Checkpointing
Save your training progress automatically. If a job is interrupted, it resumes from the last checkpoint.
Quick Start
Use CumulusJob as a context manager for automatic checkpoint handling:
import torch
from cumulus import CumulusJob
model = MyModel().cuda()
optimizer = torch.optim.Adam(model.parameters())
with CumulusJob() as job:
# Resume from checkpoint if this is a requeued job
if job.is_resumed:
model.load_state_dict(job.checkpoint['model'])
optimizer.load_state_dict(job.checkpoint['optimizer'])
for epoch in range(job.start_epoch, num_epochs):
for batch in dataloader:
loss = train_step(model, batch)
# Keep state updated - saved automatically on eviction
job.state = {
'model': model.state_dict(),
'optimizer': optimizer.state_dict(),
'epoch': epoch
}
job.complete()
What Happens on Interruption
- Cumulus detects when your job needs to pause
CumulusJobautomatically saves yourjob.stateto cloud storage- The job is automatically requeued with higher priority
- On restart,
job.is_resumedisTrueandjob.checkpointcontains your saved state - Training continues from
job.start_epoch
CumulusJob API
Properties
with CumulusJob() as job:
job.is_resumed # True if resuming from checkpoint
job.start_epoch # 0 for fresh run, or (checkpoint epoch + 1) for resume
job.checkpoint # Dict with saved state (if resuming), else None
job.state # Current state to save on eviction (you set this)
Methods
job.state = {...} # Set state to save on eviction
job.complete() # Mark job as successfully completed
job.save_checkpoint() # Manually trigger checkpoint save
Manual Checkpoints
Save checkpoints at specific intervals:
with CumulusJob() as job:
for epoch in range(job.start_epoch, num_epochs):
train_one_epoch()
job.state = {'model': model.state_dict(), 'epoch': epoch}
# Save every 10 epochs
if epoch % 10 == 0:
job.save_checkpoint()
job.complete()
Low-Level Control
Use CheckpointManager for custom checkpoint logic:
from cumulus import CheckpointManager
manager = CheckpointManager()
# Check if resuming from previous run
if manager.should_resume():
state = manager.load_checkpoint()
model.load_state_dict(state['model'])
optimizer.load_state_dict(state['optimizer'])
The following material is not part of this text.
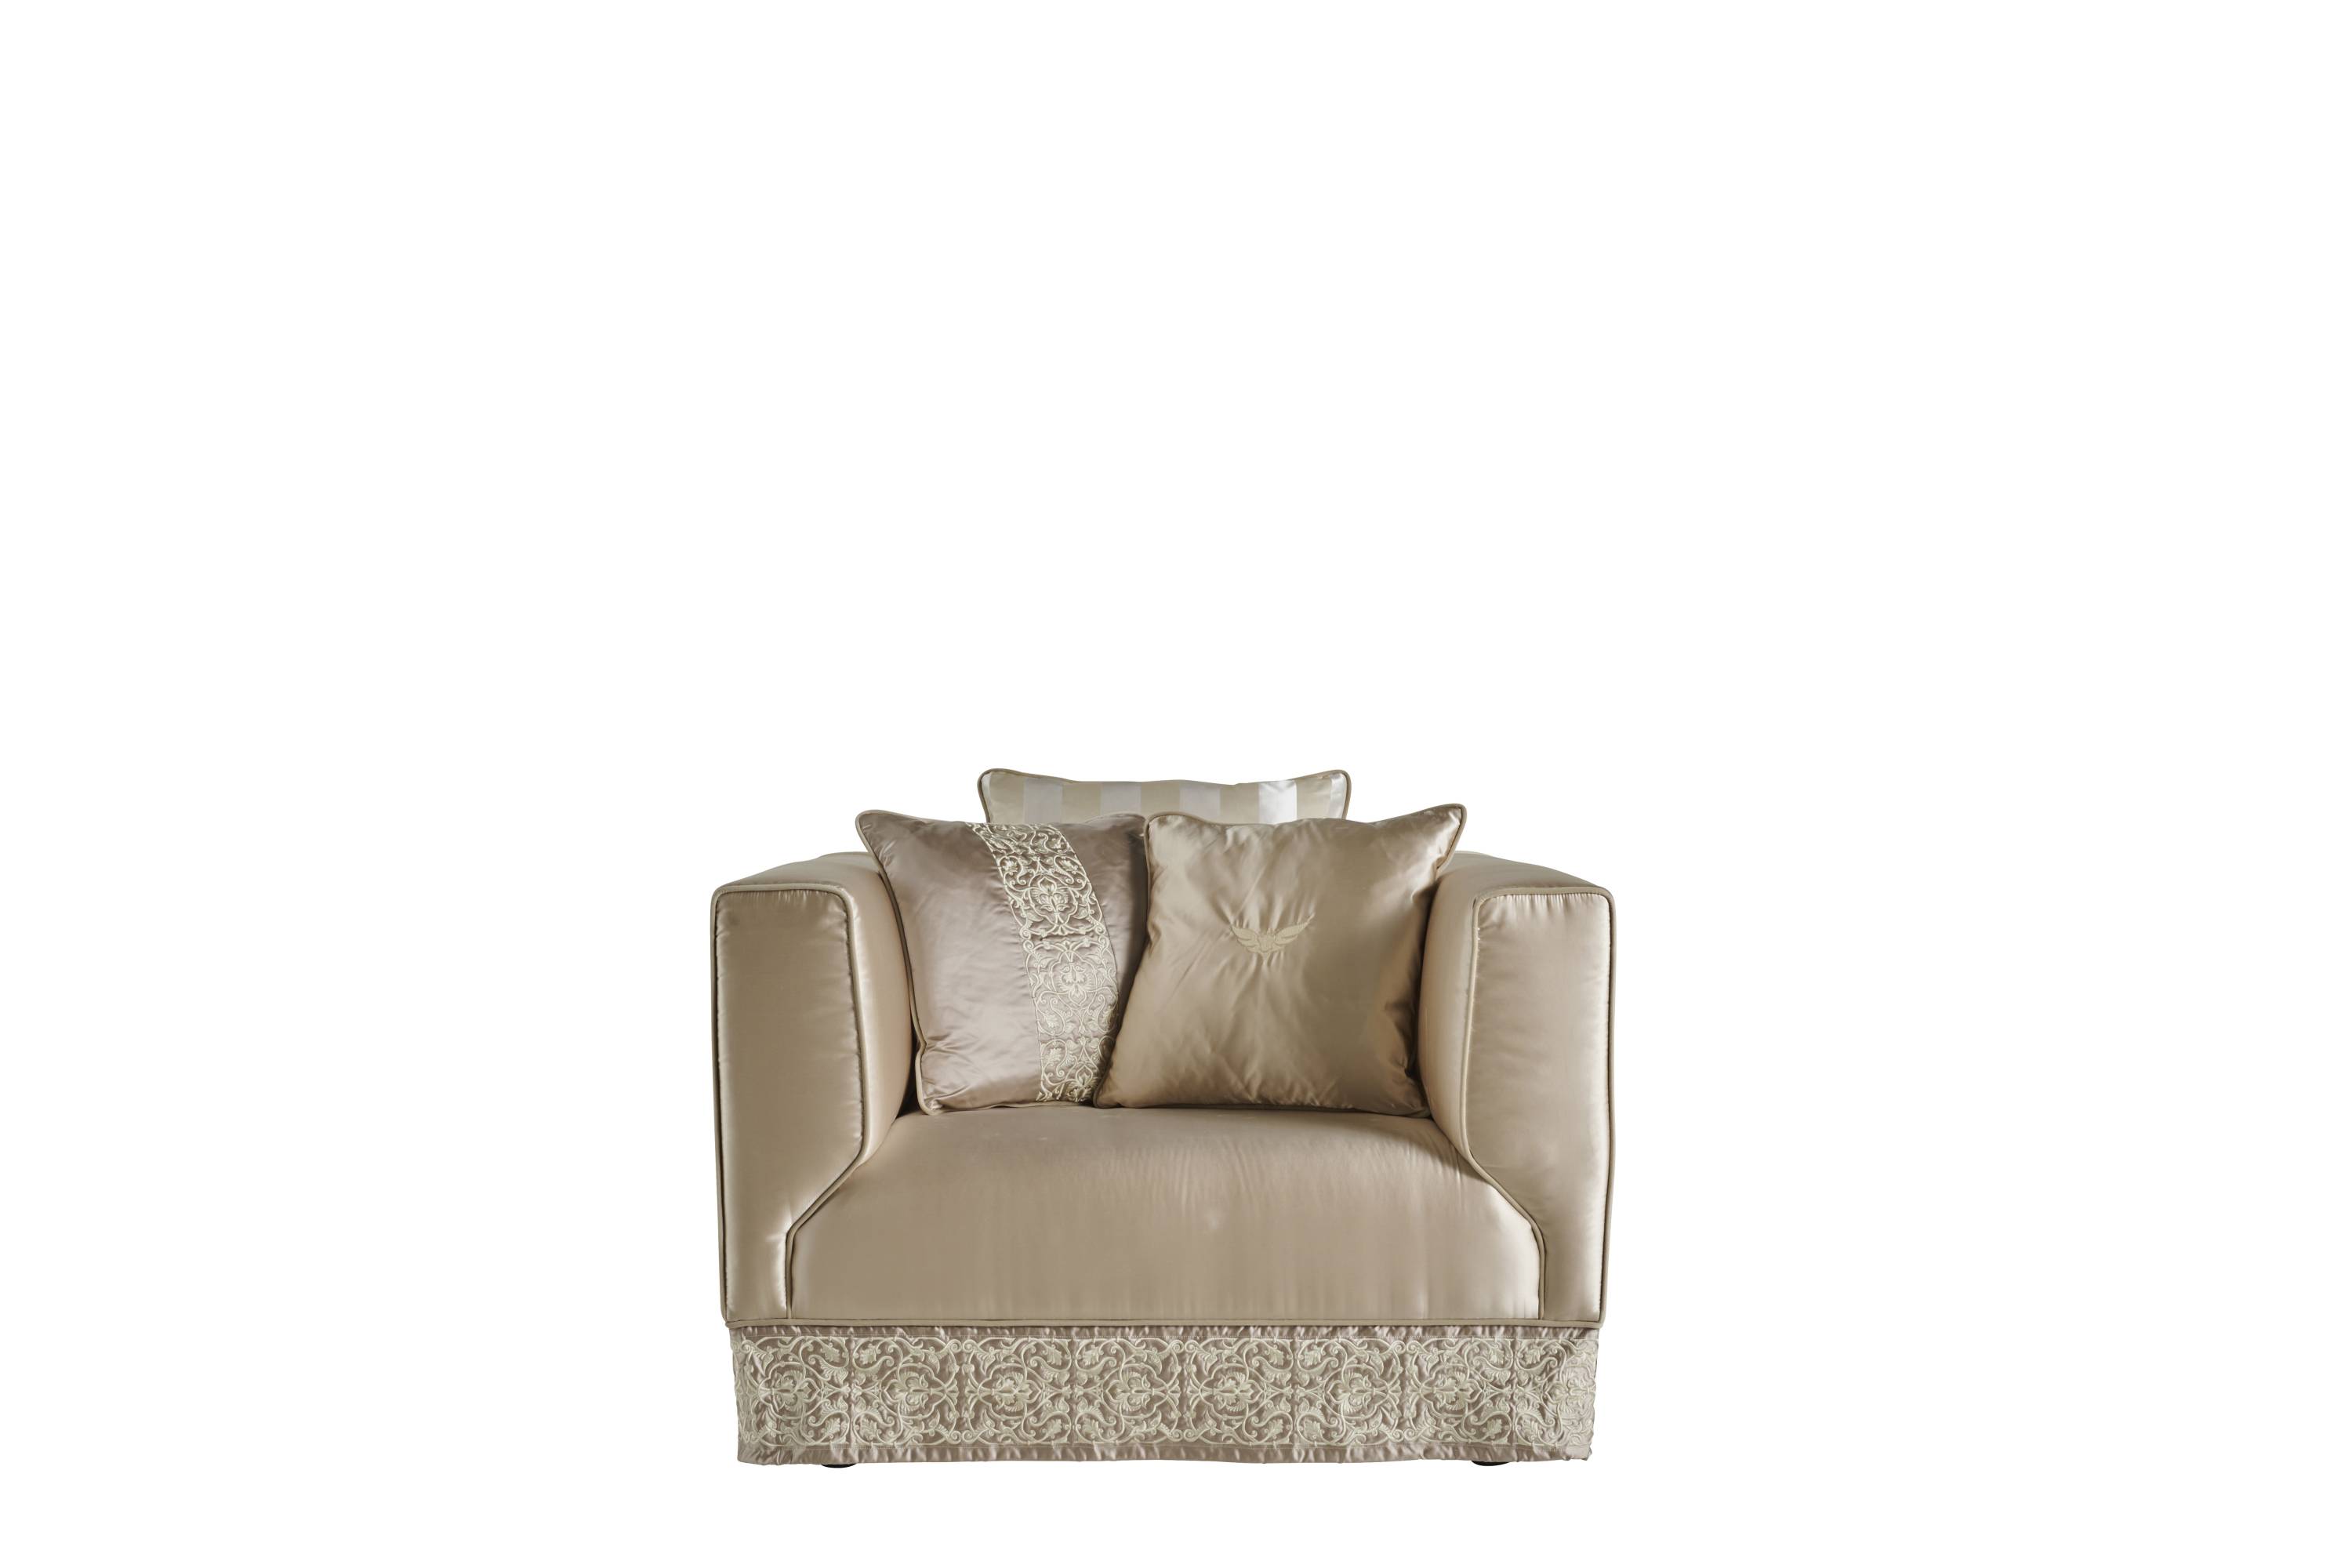 BRODERIE armchair – Transform your space with sophisticated Made in Italy classic armchairs.

start_epoch = state['epoch'] + 1
else:
start_epoch = 0
# Training loop
for epoch in range(start_epoch, num_epochs):
train_one_epoch()
# Save custom state
manager.save_checkpoint({
'model': model.state_dict(),
'optimizer': optimizer.state_dict(),
'epoch': epoch,
'custom_data': my_data
})
# Mark training complete
manager.mark_complete()
Environment Variables
Cumulus sets environment variables automatically to handle checkpoint and resume. The main variable you may check is RESUME_FROM_CHECKPOINT, which is set to "true" when your job is resuming from a previous checkpoint.
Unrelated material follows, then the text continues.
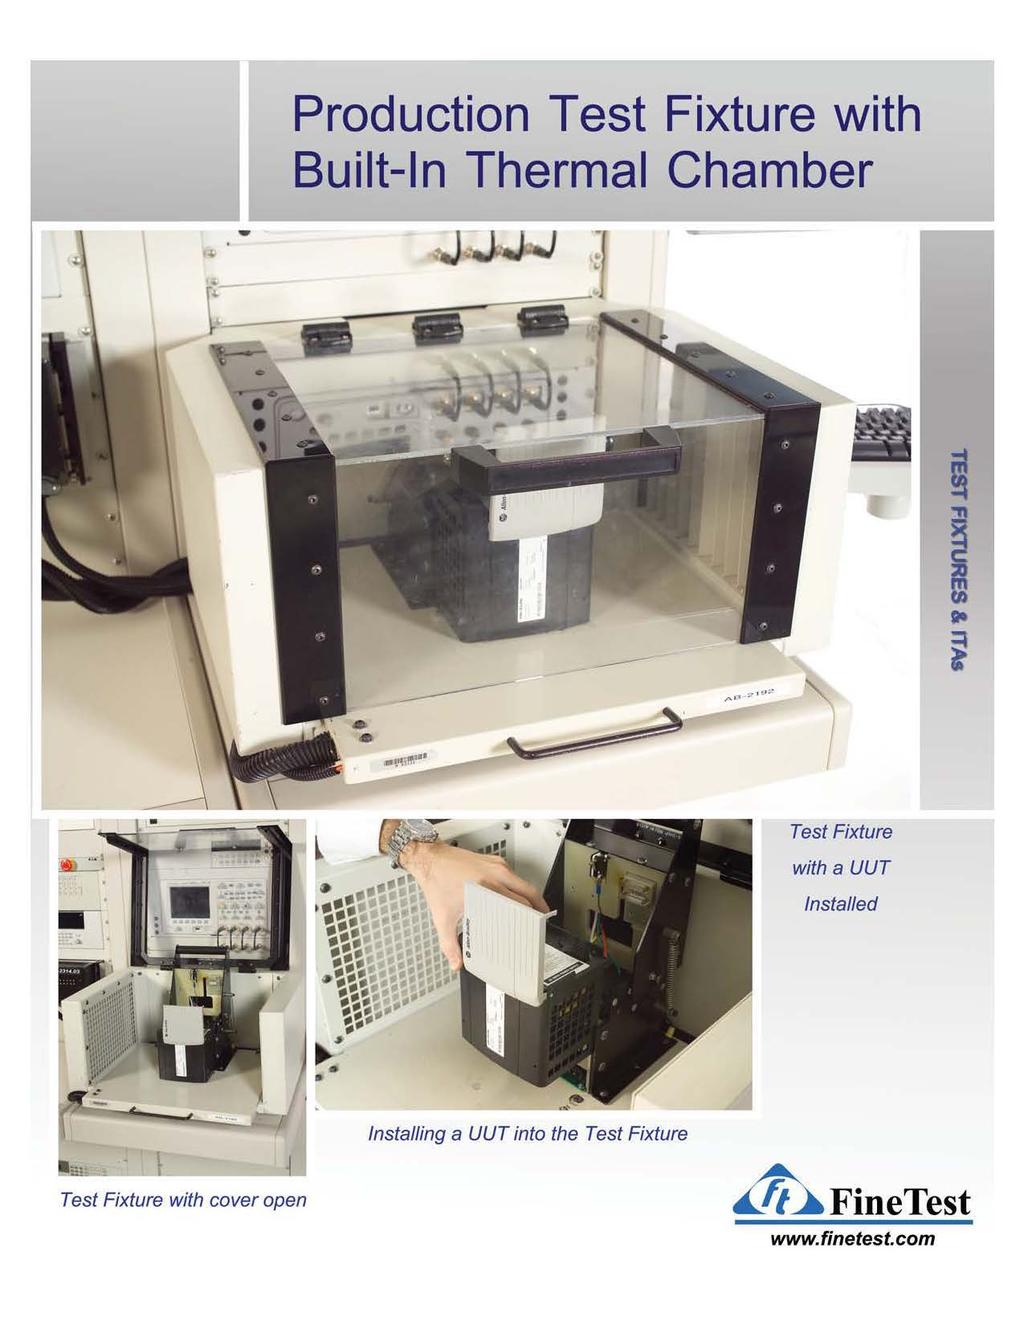 Production Test Fixture with Built-In Thermal Chamber Test Fixture.

Legacy API: CumulusTrainer
For backward compatibility, CumulusTrainer is still available:
from cumulus import CumulusTrainer
trainer = CumulusTrainer(model, optimizer)
start_epoch = trainer.start()
for epoch in range(start_epoch, num_epochs):
for batch in dataloader:
loss = train_step(model, batch)
trainer.step()
trainer.end_epoch(epoch)
trainer.mark_complete()
We recommend using CumulusJob for new projects - it's simpler and more explicit.